If the oak doesn't work good, try some ROB. Keep us posted.

Reactions: Funny 1


----------



## norman vandyke (Nov 22, 2015)

ROB would never burn hot enough. Haha! Poetically stink up the place good though.


----------



## ClintW (Nov 24, 2015)

It should work I would think. As long as you get enough coal built up around the edge for heat retention and get your blade right above the air pipe.


----------



## JR Custom Calls (Nov 24, 2015)

Hedge burns real hot. If you have any out that way. Would seem logical for Montana to have tons of it.


----------



## norman vandyke (Nov 24, 2015)

Is that a type of tree? Never heard if it being in Montana. Hardest wood we have here are elm and fir. I do have an abundance of red oak from pallets though.


----------



## ClintW (Nov 24, 2015)

It's Osage Orange. I would doubt there is more than a couple of trees if any. I would guess the use of it as hedge rows was no longer common when farming made it the upper plains. Also it may not fair so well in colder climates.


----------



## norman vandyke (Nov 24, 2015)

ClintW said:


> It's Osage Orange. I would doubt there is more than a couple of trees if any. I would guess the use of it as hedge rows was no longer common when farming made it the upper plains. Also it may not fair so well in colder climates.
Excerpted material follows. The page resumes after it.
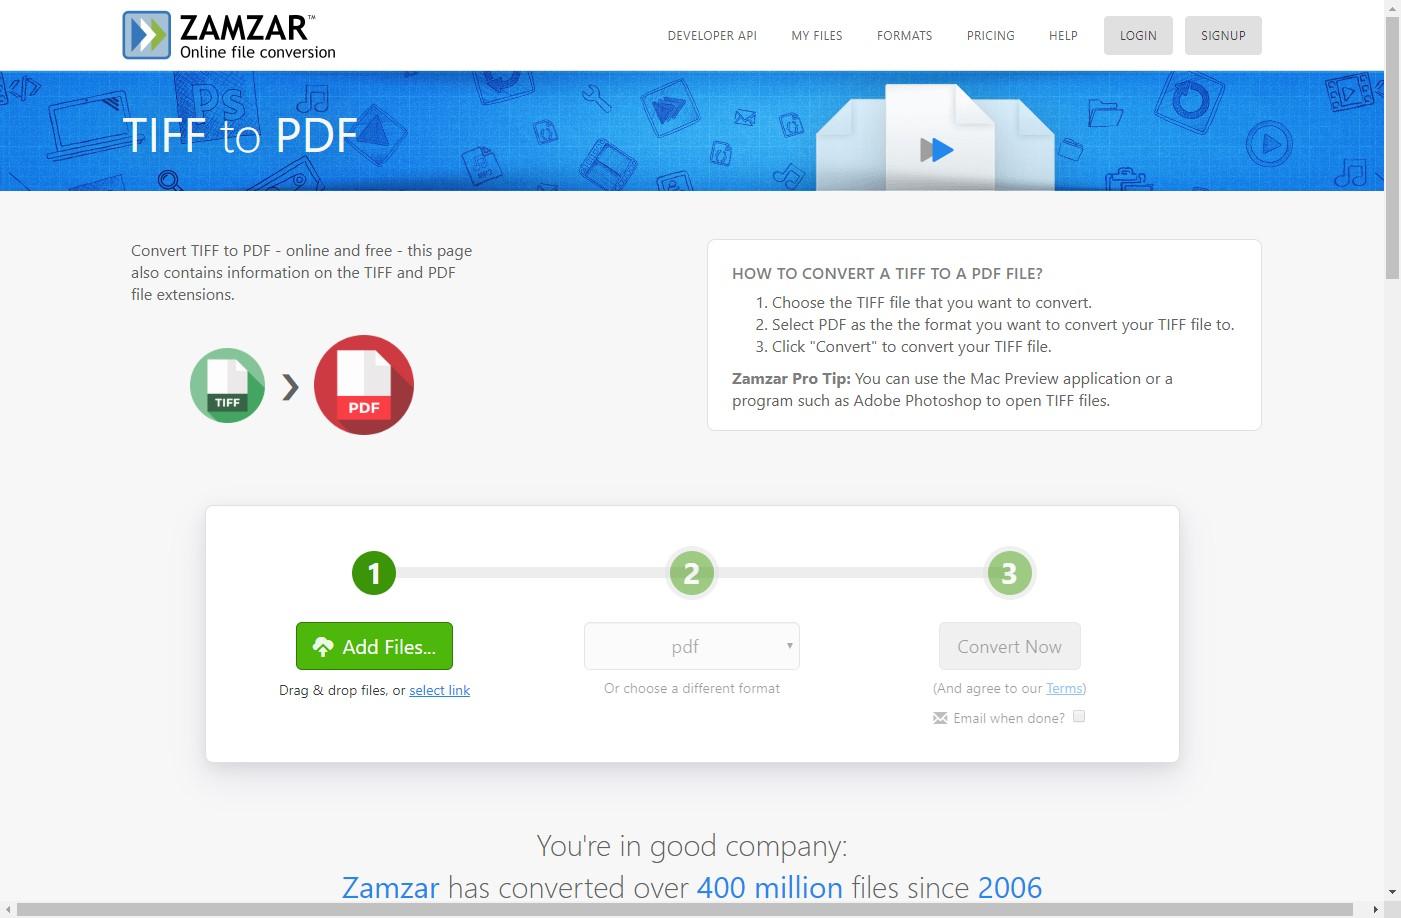 zamzar tiff to pdf converter online

Those don't grow here as far as I know.


----------



## Kevin (Nov 24, 2015)

norman vandyke said:


> Is that a type of tree?



_Maclura pomifera_ aka bois d'arc, osage orange, horse apple, hedge, just depends on the region. It's in the mulberry (_moraceae_) family. It first sprang to life right here within miles of where I was born in Fannin county (red star) and the natural region spread to where indicated in the image.





The way it ended up in the midwest and north is because we exported it to farmers and ranchers who needed an affordable way to fence off their property and livestock before barbed wire was invented. The saying about a bois d' arc fence was:

_Horse high, hog tight, and bull stout_

And that is not an exaggeration. Once barbed wire came along the bois d' arc seed market collapsed, but soon they realized they needed posts for the wire and guess what turned out to be the premier species to string it across the country? Bois d' arc. This is the bible on the species written by Fred Tarpley Ph.D whom I was fortunate enough to get to know over the years. I just recently learned he passed away. He was a fountain of knowledge on the species but on many other topics as well and I always felt privileged to get to spend time with him. You can read my review of the book in the Amazon link if you're so inclined.


----------



## JR Custom Calls (Nov 24, 2015)

Hmm interesting points @ClintW I figured with all the cattle out there that would have been a pretty common tree. Didn't consider climate or time period

Reactions: Like 1


----------